34. Recovery frontier is "emotional sobriety"

By Tom O'Connell

Alcoholics Anonymous was founded in 1935 by two men, Bill Wilson and Dr. Bob Smith. And it grew, and grew, and grew. Then, a little more than 20 years later, a sober but emotionally challenged Bill Wilson sat down and wrote a thought-provoking article.

Wilson, who had often struggled with depression in his recovery from alcoholism, titled the AA Grapevine article "The Next Frontier: Emotional Sobriety." He notes at the outset that many "oldsters" on the "booze cure" still lack emotional sobriety.

An honest man, he discusses his own "failure to grow up, emotionally and spiritually," and his frustrating inability to "get off the emotional merry-go-round." He makes it clear that the Jekyll-Hyde disease of alcohol addiction takes its toll long after the actual excessive drinking stops. And discussing his own search for peace and joy, he says, "How to convince our dumb, raging, and hidden 'Mr. Hyde' becomes our main task."

He describes a recent depression: "By the hour, I stared at the St. Francis Prayer...'It's better to comfort than to be comforted.' Here was the formula, all right. But why didn't it work?" Then it dawned on him that his basic character flaw was his dependence on people or circumstances to supply him with prestige, security and the like. "Failing to get these things according to my perfectionist dreams and specifications, I had fought for them. And when defeat came, so did my depression."

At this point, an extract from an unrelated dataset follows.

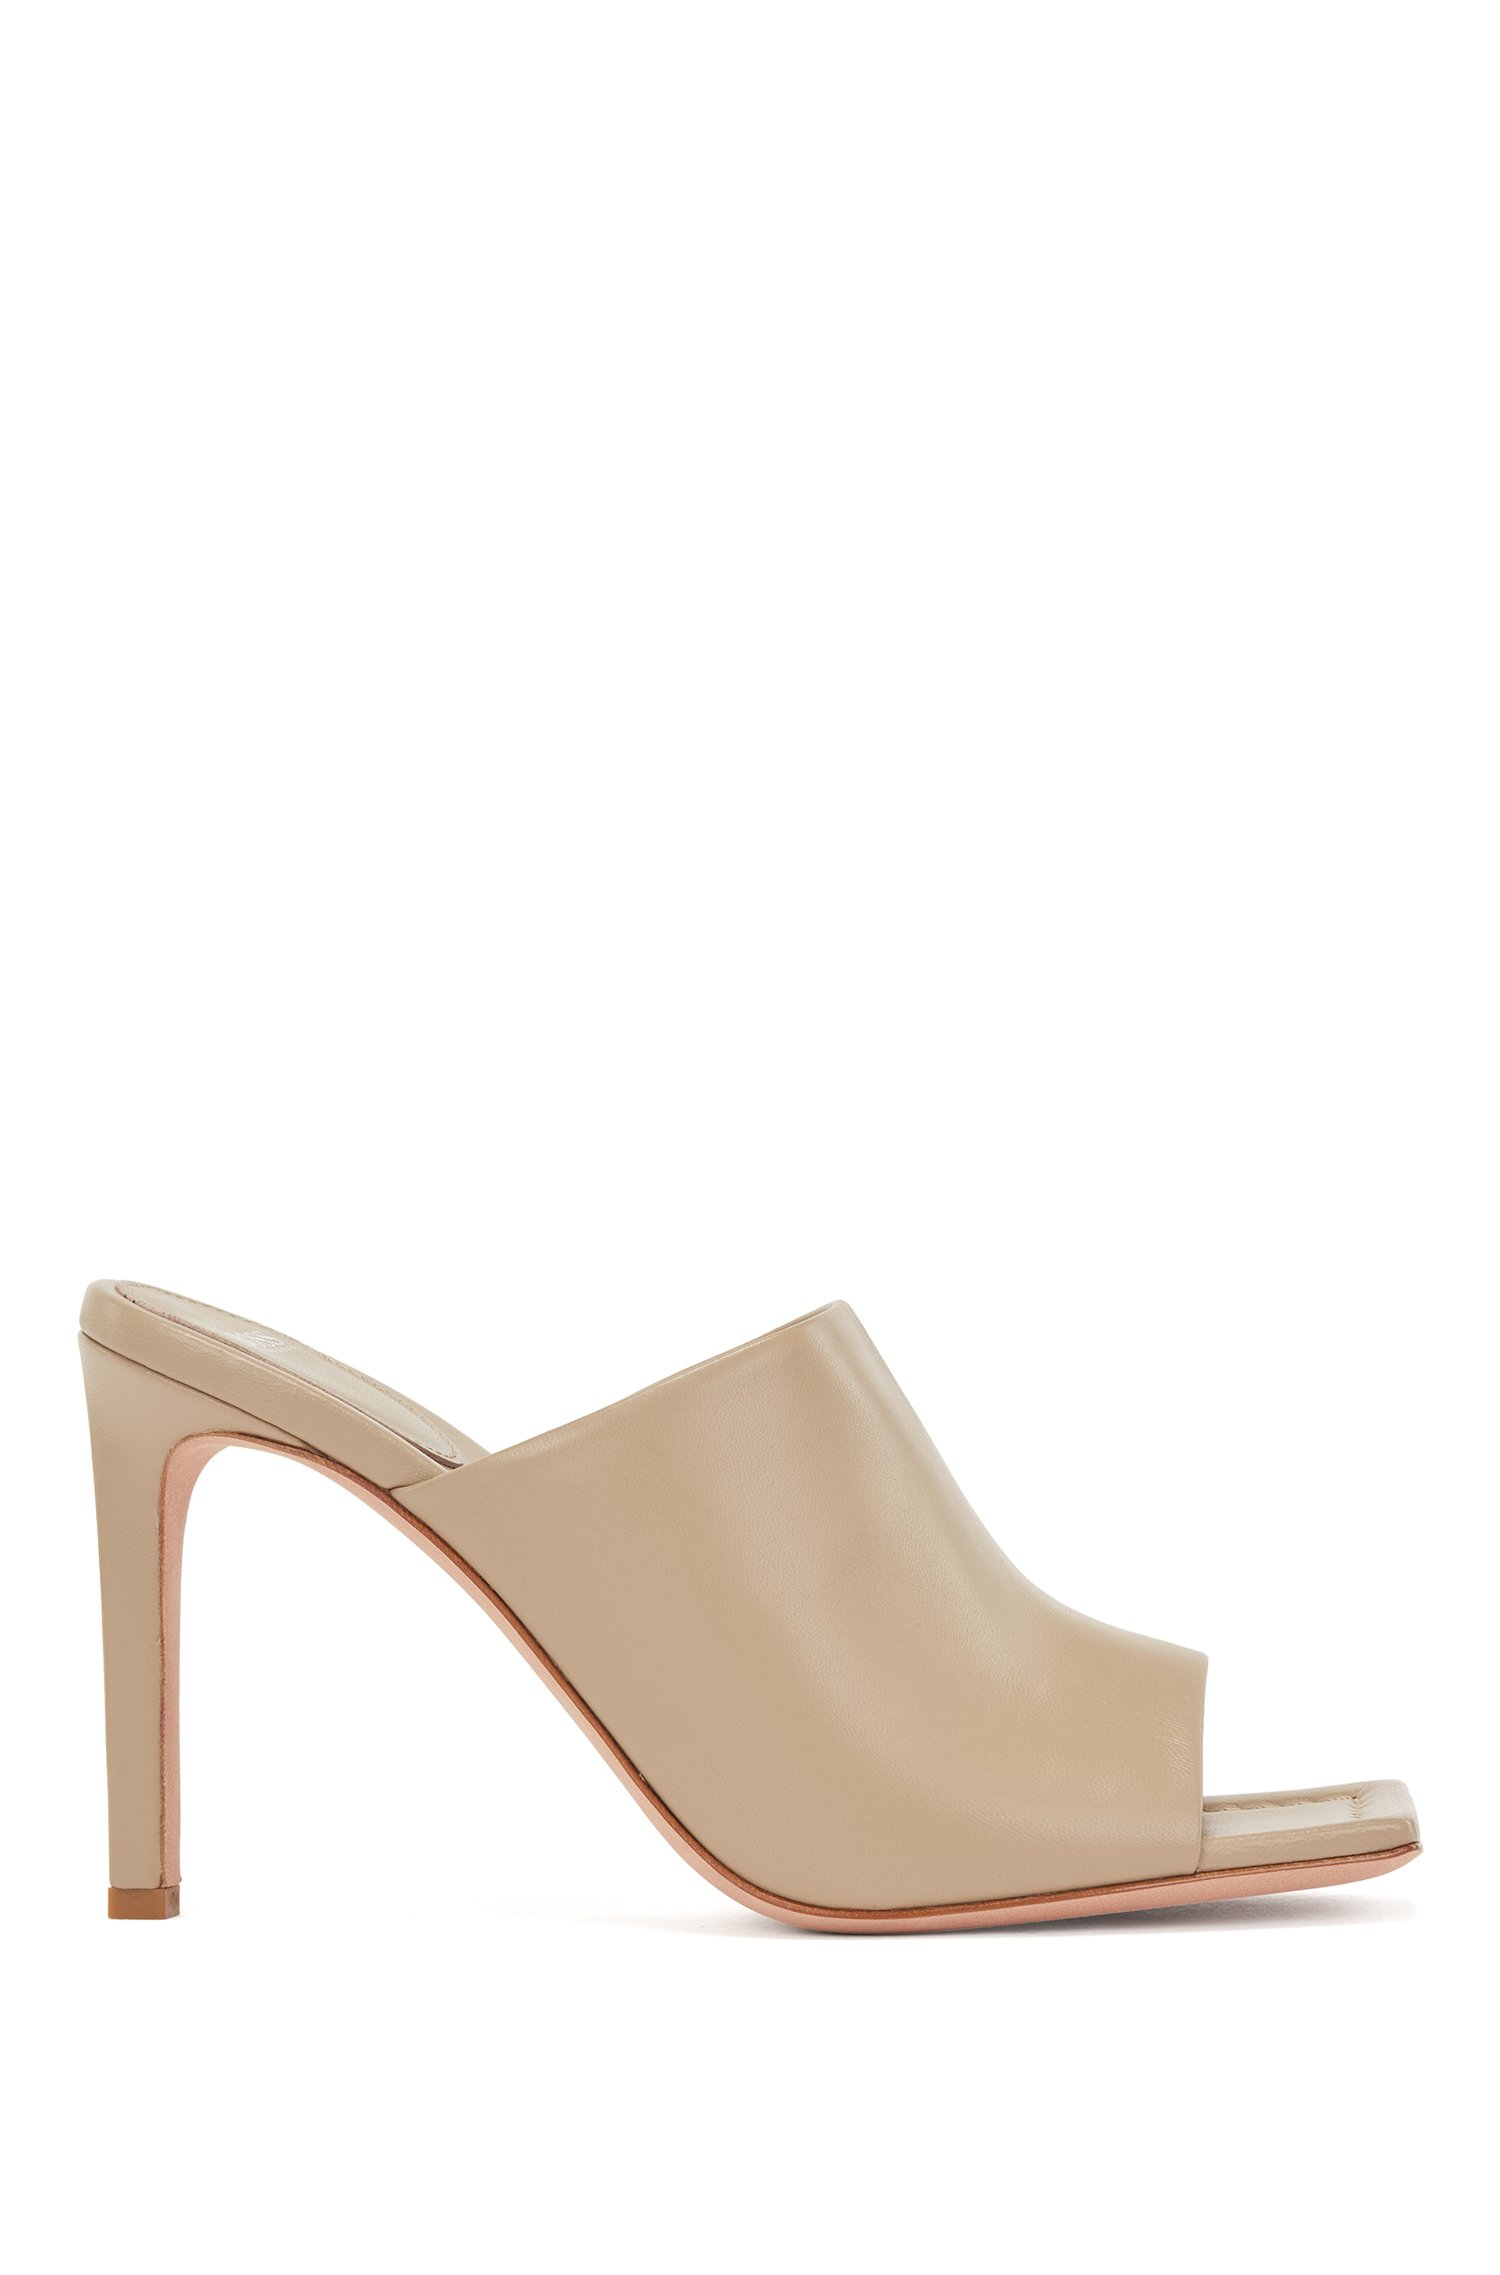 High-heeled mules in Italian leather, Beige
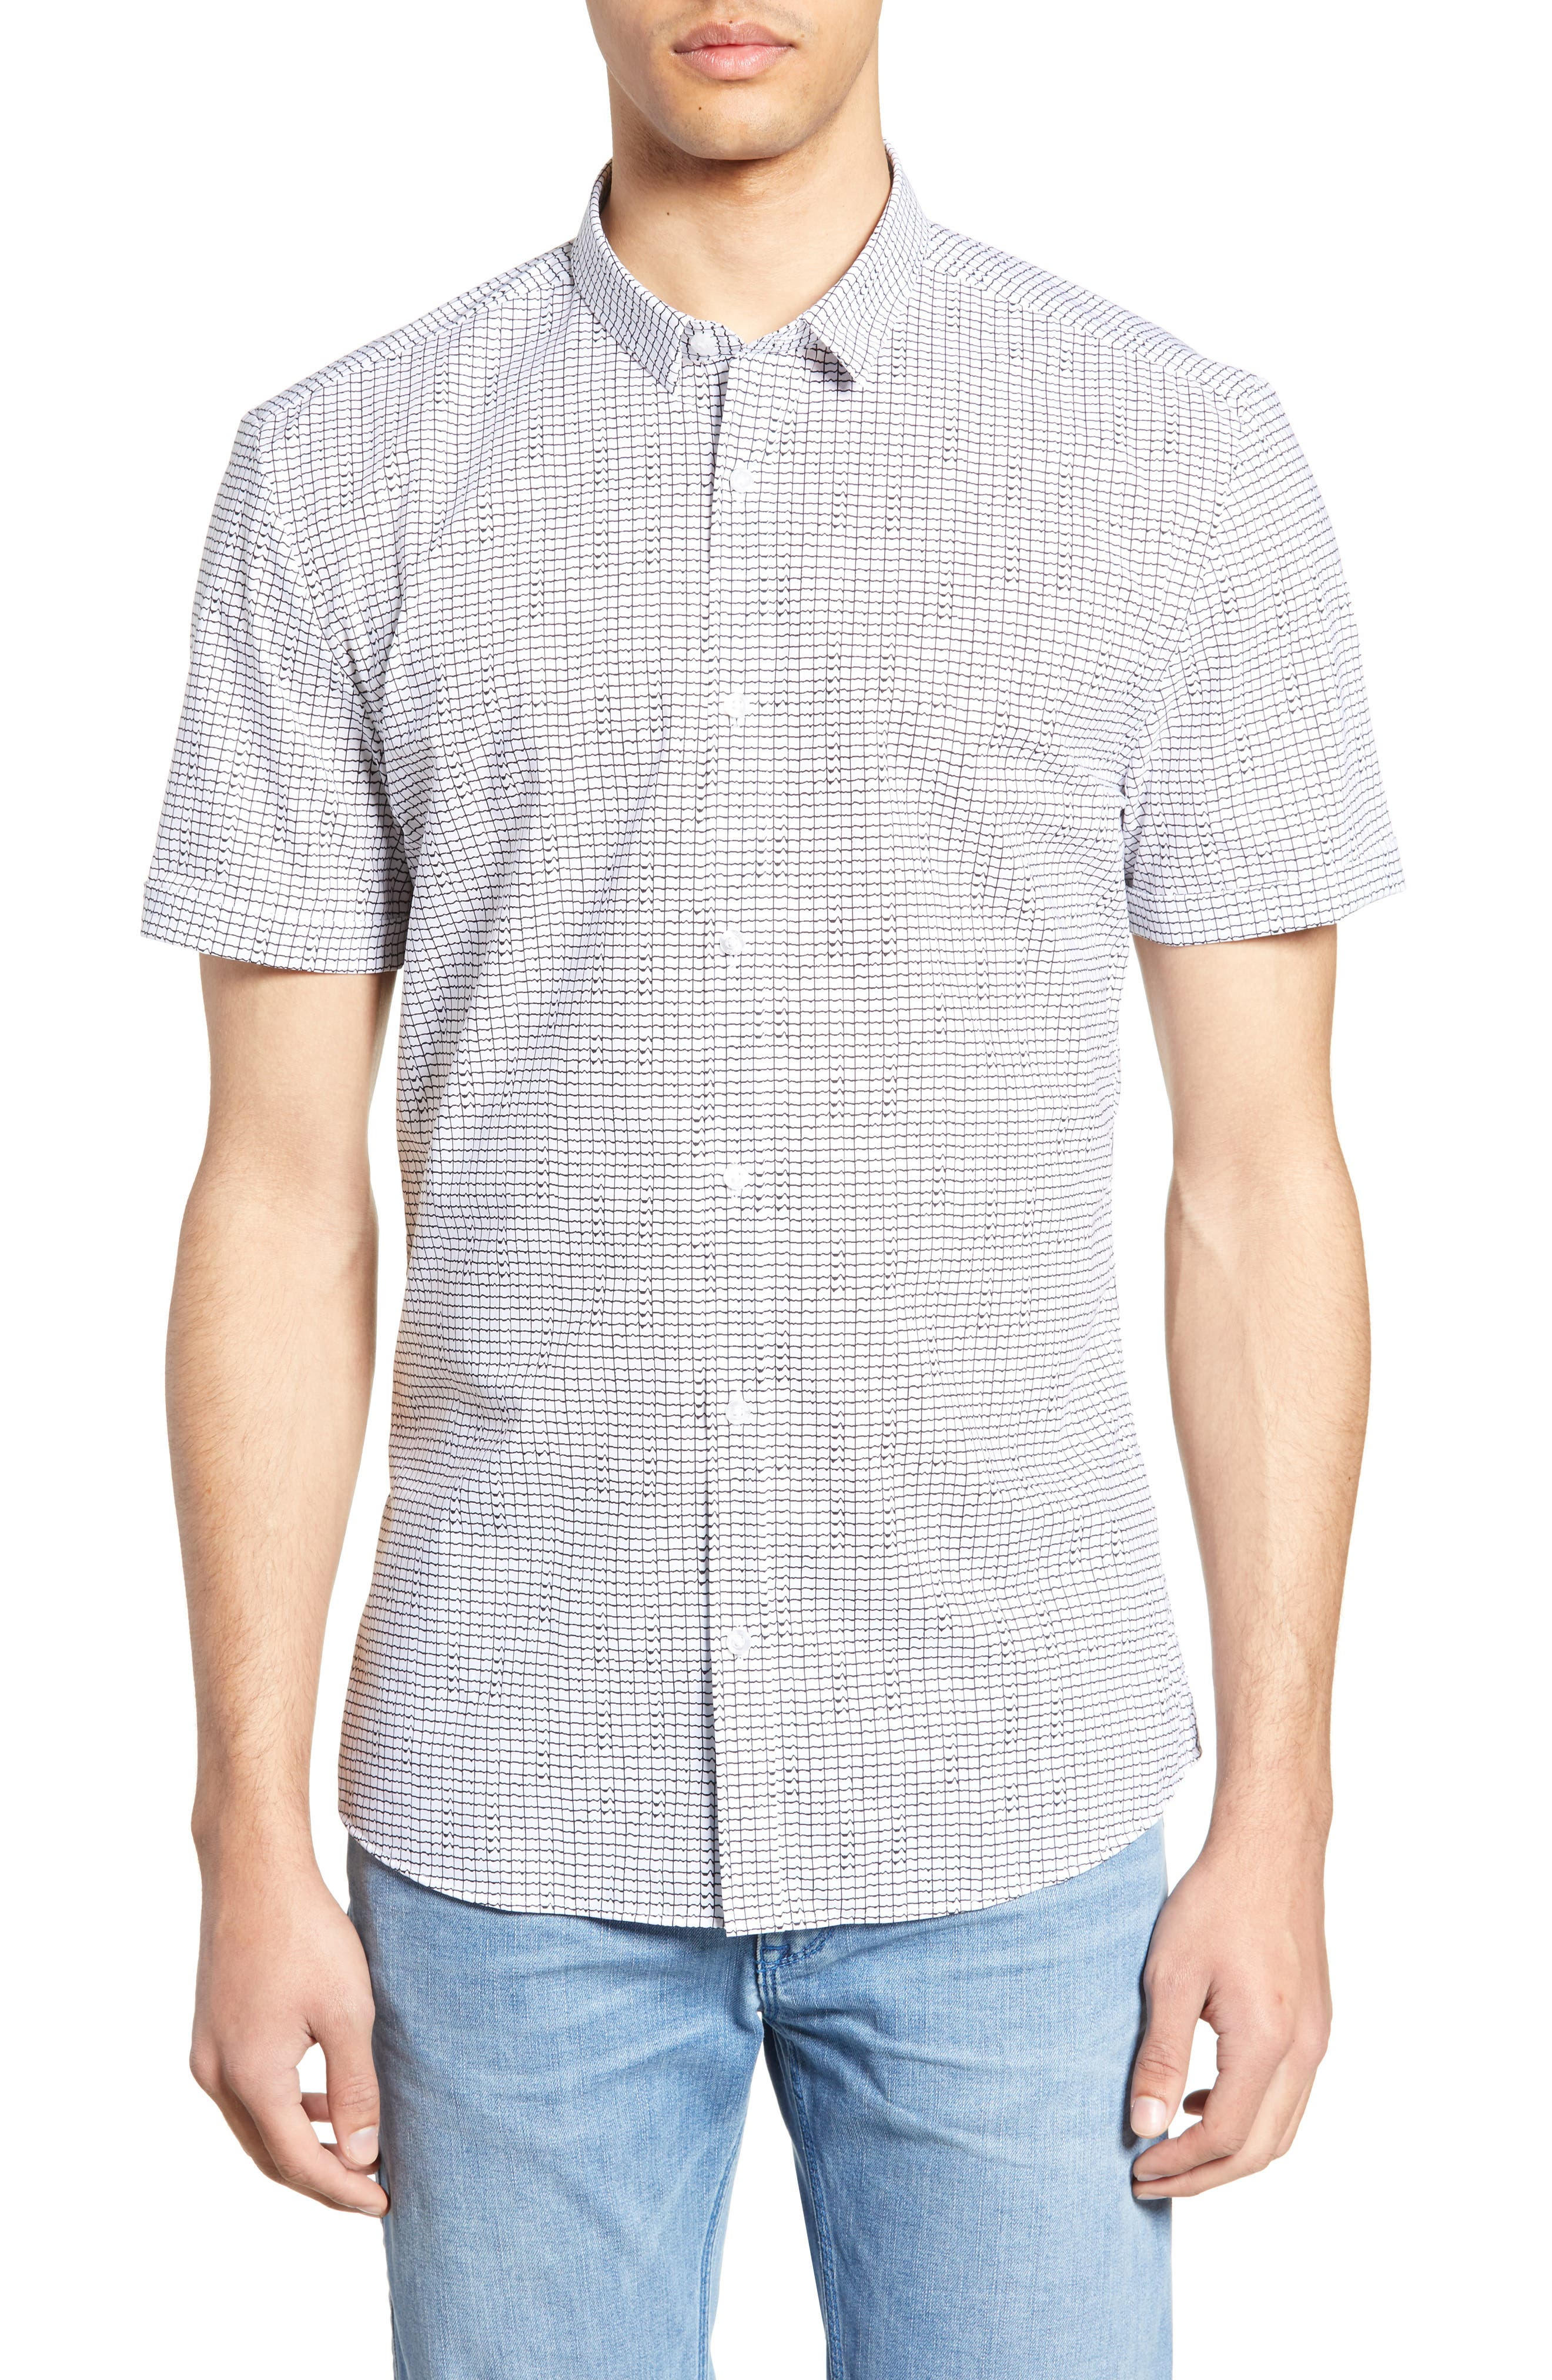 HUGO, Empson Slim Fit Print Sport Shirt, Main thumbnail 1, color, WHITE

Anticipating another long spell of depression, he came to a profound realization: "There wasn't a chance of making the outgoing love of St. Francis a workable and joyous way of life until these fatal and almost absolute dependencies were cut away."

Since he had already accomplished some spiritual growth, he was starkly aware of his flaws. So he prayed for grace. "I found I had to exert every ounce of will and action to cut off these faulty emotional dependencies upon people, upon AA, indeed, upon any set of circumstances whatsoever. Then only could I be free to love as Francis had. Emotional and instinctual satisfaction, I saw, were really the extra dividends of having love, offering love, and expressing a love appropriate to each relation of life."

Instead of trying to possess and control the people and conditions around him, he made a commitment to begin offering love to others regardless of the return to him. "This seems to be the primary healing circuit," he writes, "an outgoing love of God's creation and his people, by means of which we avail ourselves of his love for us....the real current can't flow until our paralyzing dependencies are broken, and broken at depth. Only then can we possibly have a glimmer of what adult love really is. "

He suggests, "If we examine every disturbance we have, great or small, we will find at the root of it some unhealthy dependency and its consequent unhealthy demand. Let us, with God's help, continually surrender these hobbling demands. Then we can be set free to live and love." As he moves away from depression he writes, "Nowadays my brain no longer races compulsively in either elation, grandiosity, or depression. I have been given a quiet place in bright sunshine."

In recovery from all addictions, depression is a major hazard. Yet the spiritual approach to mental imbalance in recovery has been the remedy for countless people. And the therapy described by Bill Wilson, for many, has proved to be the ultimate solution.